Tired and slowed by the effects of the alcohol, I only listened as they all compared notes on towns (“More chickens than people”), theatre managers (“He could show Kaiser Wilhelm a trick or two”), and agents (“I’m pretty sure he presses his suits by sleeping in them”).
They shared hints on makeup removal: if you couldn’t afford cold cream, you could use Crisco, which didn’t work quite as well as pig lard, but smelled better. Apparently it was cheap pig lard that had inspired the term ham, meaning a poor-quality performer. They counseled one another on improving their acts (“Don’t come in so fast after the line about the scarecrow on a diet—you’re stepping on the laugh”). And they heckled one another good-naturedly.
The fire breather, who’d been trying in vain to flirt with Gert, complained that he hadn’t had a date in six months. McSorley said, “Well, that’s because kissing you is like sucking on a lamp wick. Girls are worried they’ll burst into flames—and not from ardor, my friend, not from ardor!”

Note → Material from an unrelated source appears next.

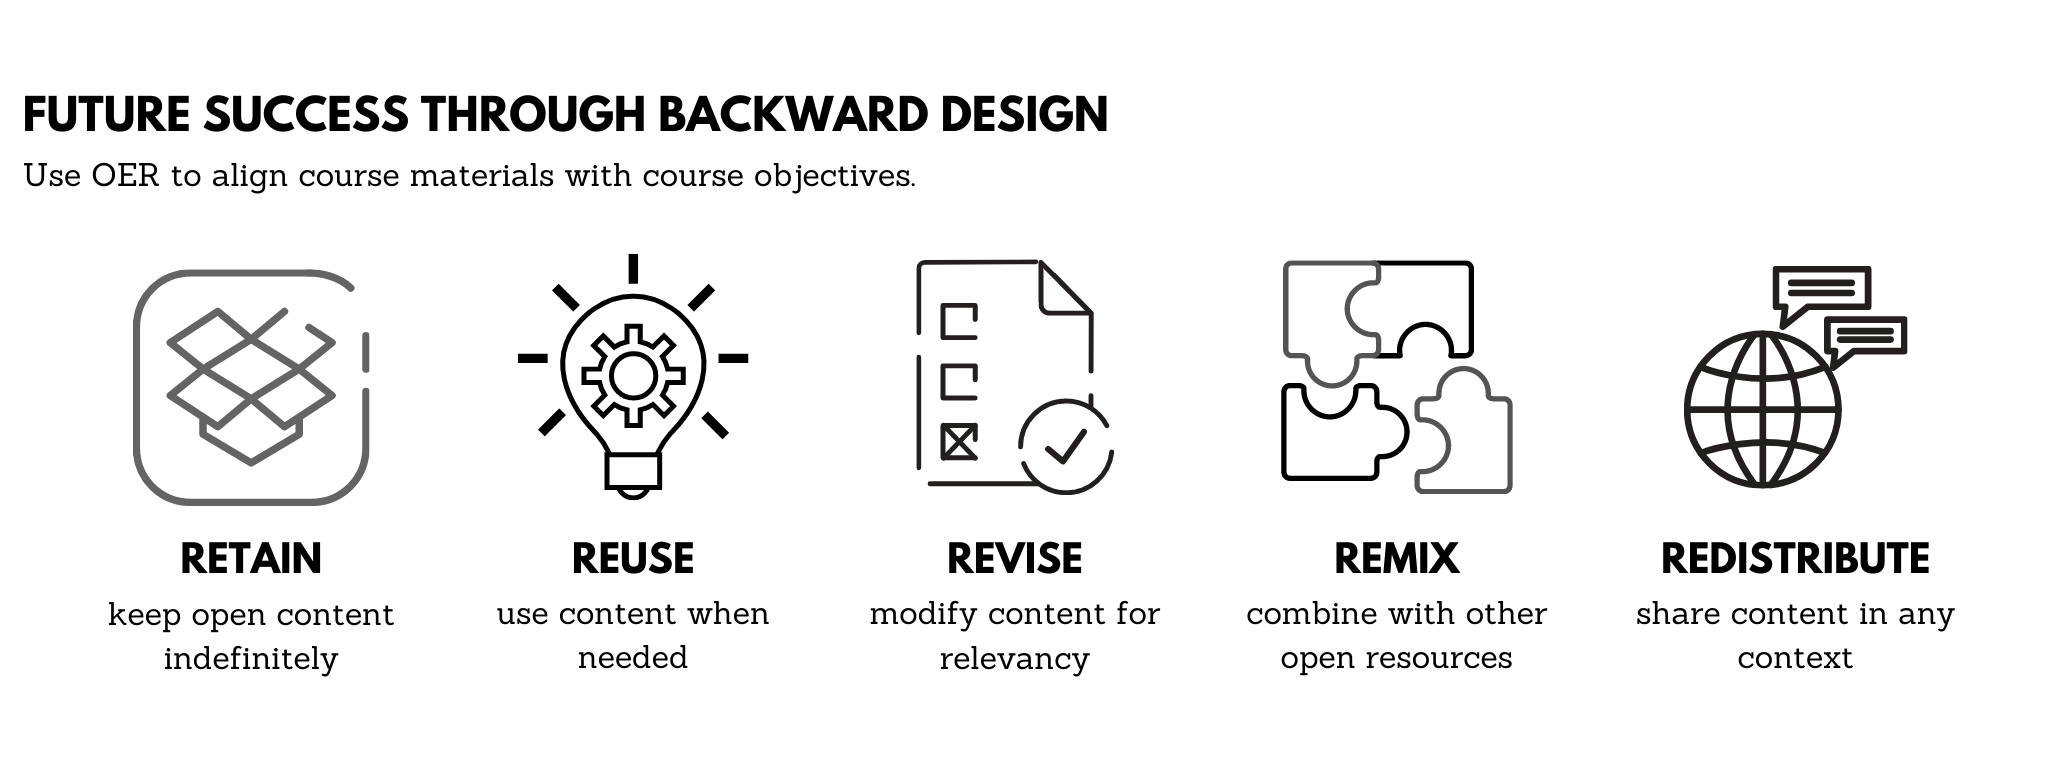 Future success through backward design. Use OER to align course materials with course objectives. Retain keep open content indefinitely, Reuse use content when needed, revise modify content for relevancy, Remix combine with other open resources, Redistribute share content in any context

His bushy eyebrows flew up in fascination at Mother’s every word. “Now why aren’t you part of the act?” he asked. “You could pass for another sister any day of the week!”
“Oh, now, you,” she said, giving his arm a playful tap. “It’s sweet of you to say, but those days are gone for me.” He asked about her time on the stage and she didn’t lie, exactly, but it was a honeyed-up form of the truth as I knew it.
“Well, I had a little song-and-dance act, back before I got married.” She neglected to mention that she’d never performed anywhere except her high school talent show, the county fair, and for us when we were little. “I like to think I had an Eva Tanguay kind of appeal.”